Now, let's calculate the $x$-dependent probability that Agishom wins: $P(A^x>S)$ for the meaningful $x's$.

For $x=2$

$$P(A^2>S)=P(A_1>S\ \cap \ A_1 \geq 2)+P(A_2>S\ \cap \ A_1<2)=$$ $$=\sum_{i=2}^{i=12}P(A_1>i\ \cap \ A_1 \geq 2\ \cap \ S=i)=$$ $$=\sum_{i=2}^{i=12}P(A_1>i\ \cap \ S=i)=\sum_{i=2}^{i=12}P(A_1>i)P(S=i).$$

In general

$$P(A^x>S)=P(A_1>S\ \cap \ A_1 \geq x)+P(A_2>S\ \cap \ A_1<x)=$$ $$=\sum_{i=2}^{i=12}P(A_1>i\ \cap \ A_1 \geq x\ \cap \ S=i)+\sum_{i=2}^{i=12}P(A_2>i\ \cap \ A_1<x\ \cap \ S=i)=$$ $$=P(A_1\geq x)\sum_{i=2}^{x-1}P(S=i)+\sum_{i=x}^{i=12}P(A_1>i)P(S=i)+P(A_1<x)\sum_{i=2}^{i=12}P(A_2>i)P(S=i).$$

Based on the $P(A_1=i)=P(A_2=i)=P(S=i)$ table the probabilities above can be calculated. The answer is the maximum in $x$.
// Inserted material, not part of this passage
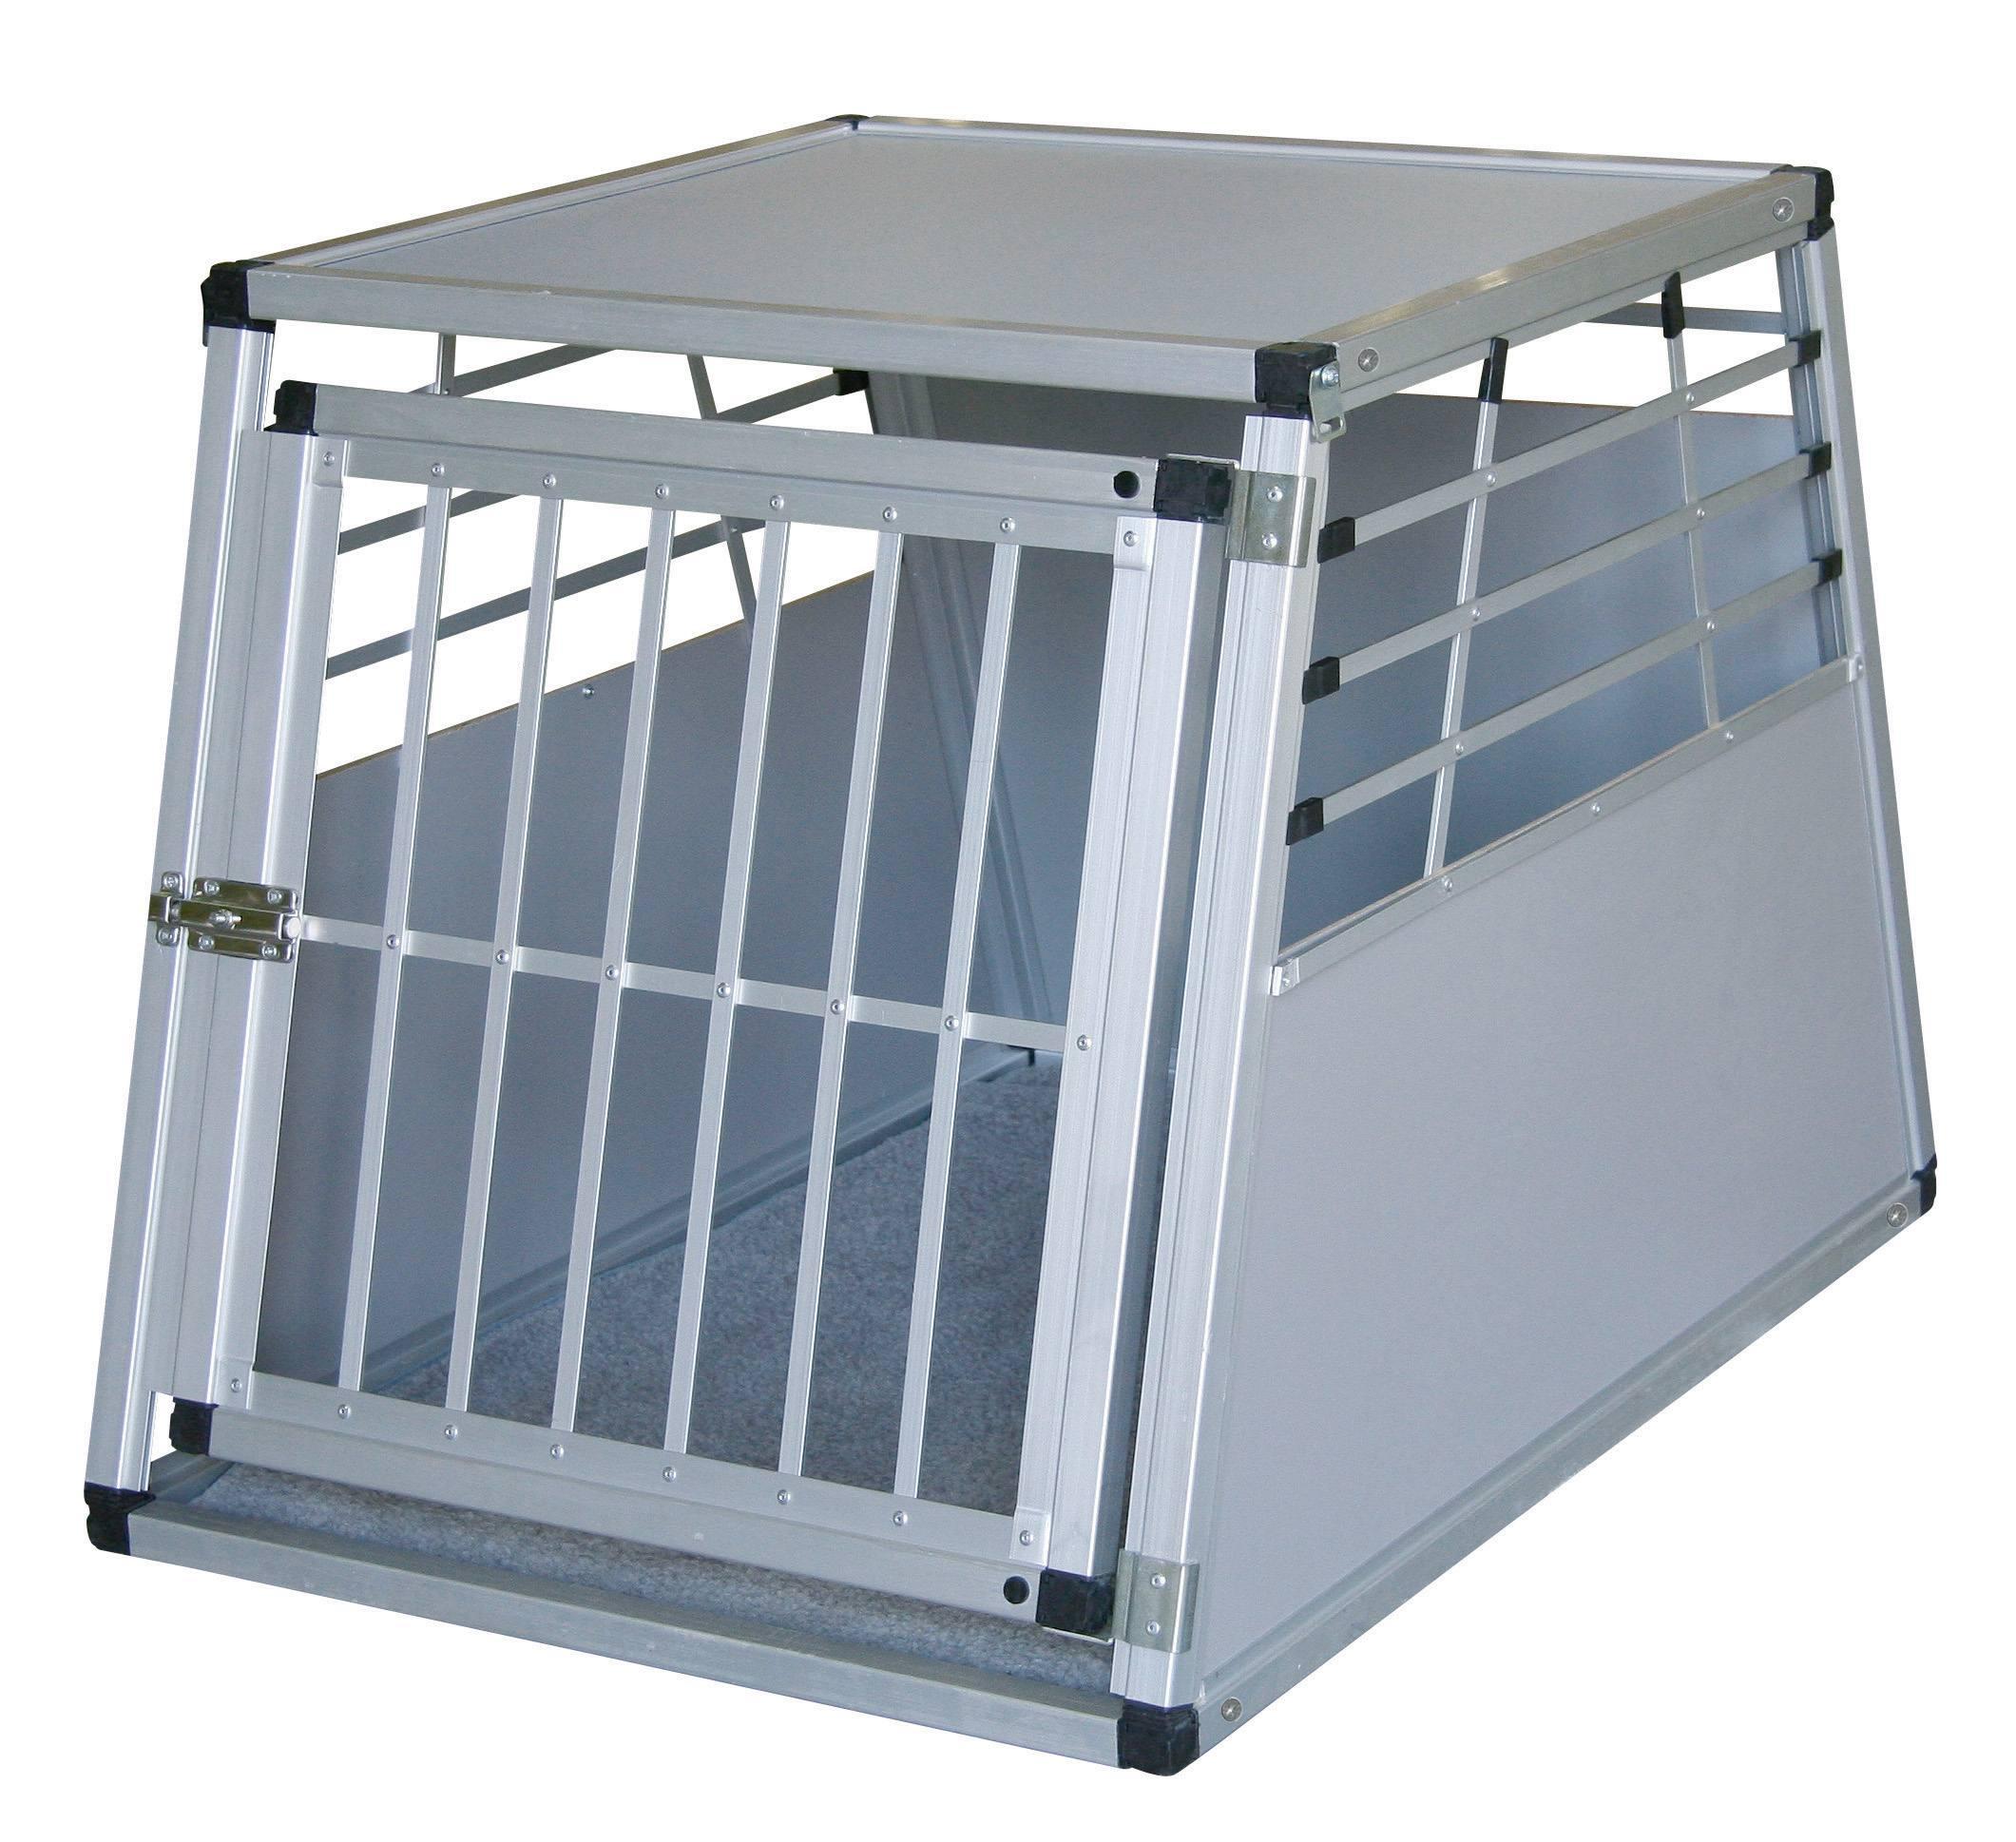 hunde transportbox 92 x 65 x 65 cm aus aluminium. Black Bedroom Furniture Sets. Home Design Ideas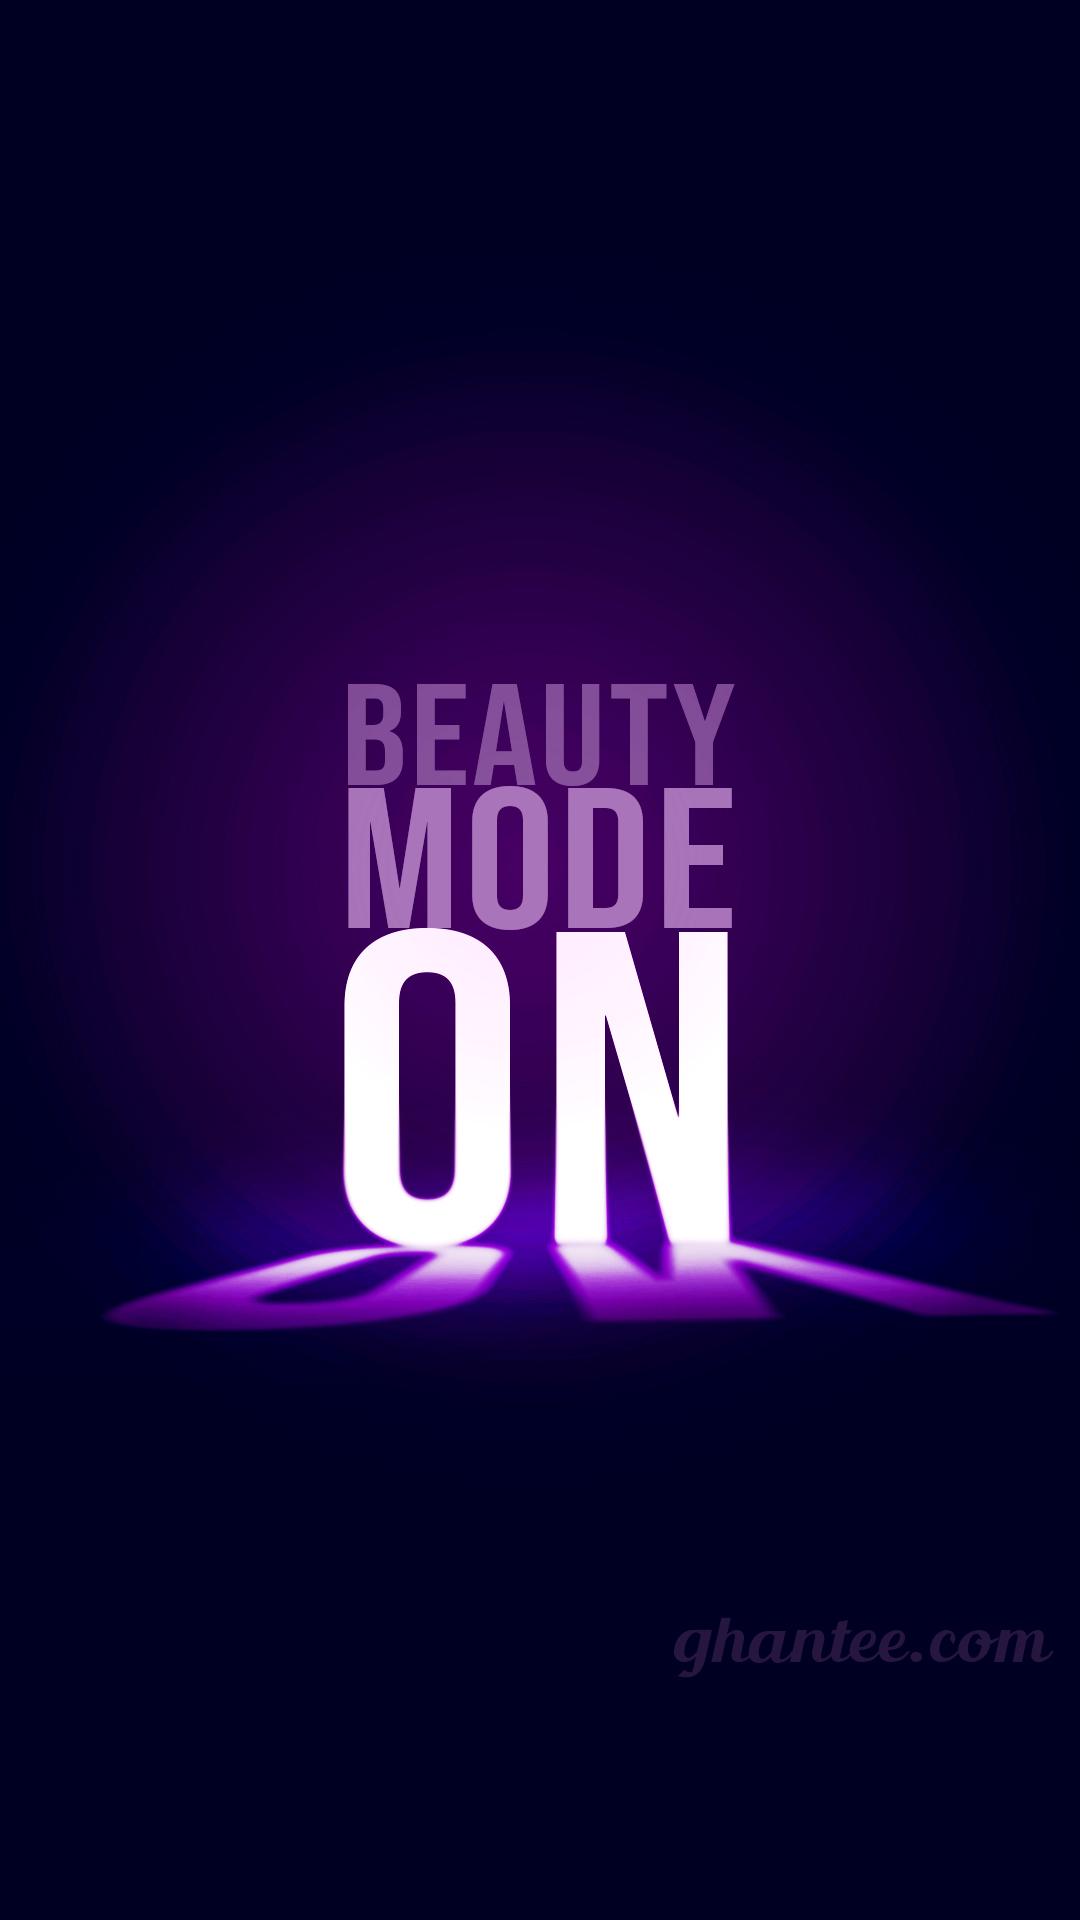 beauty mode on hd phone wallpaper for girls

The results of the calculation is shown below. Here the probability that Agishom wins is depicted as a function of $x$:

Tha maximum takes place at $x=8$. So, if Agishom rolls the second time if $A_1<8$ then the probability that she wins is $\approx 0.57.$-

The strategy is correct, but in the computation where you retain your first roll of $\ge 8$,
the sample space is only $15\times 36 = 540,\; thus\; \frac{400}{540}$

As for simplifying computations, you could isolate the cases where both roll the same number, viz.$(2,2,),(3,3)...(12,12)$; you could then use the symmetry of the remaining results.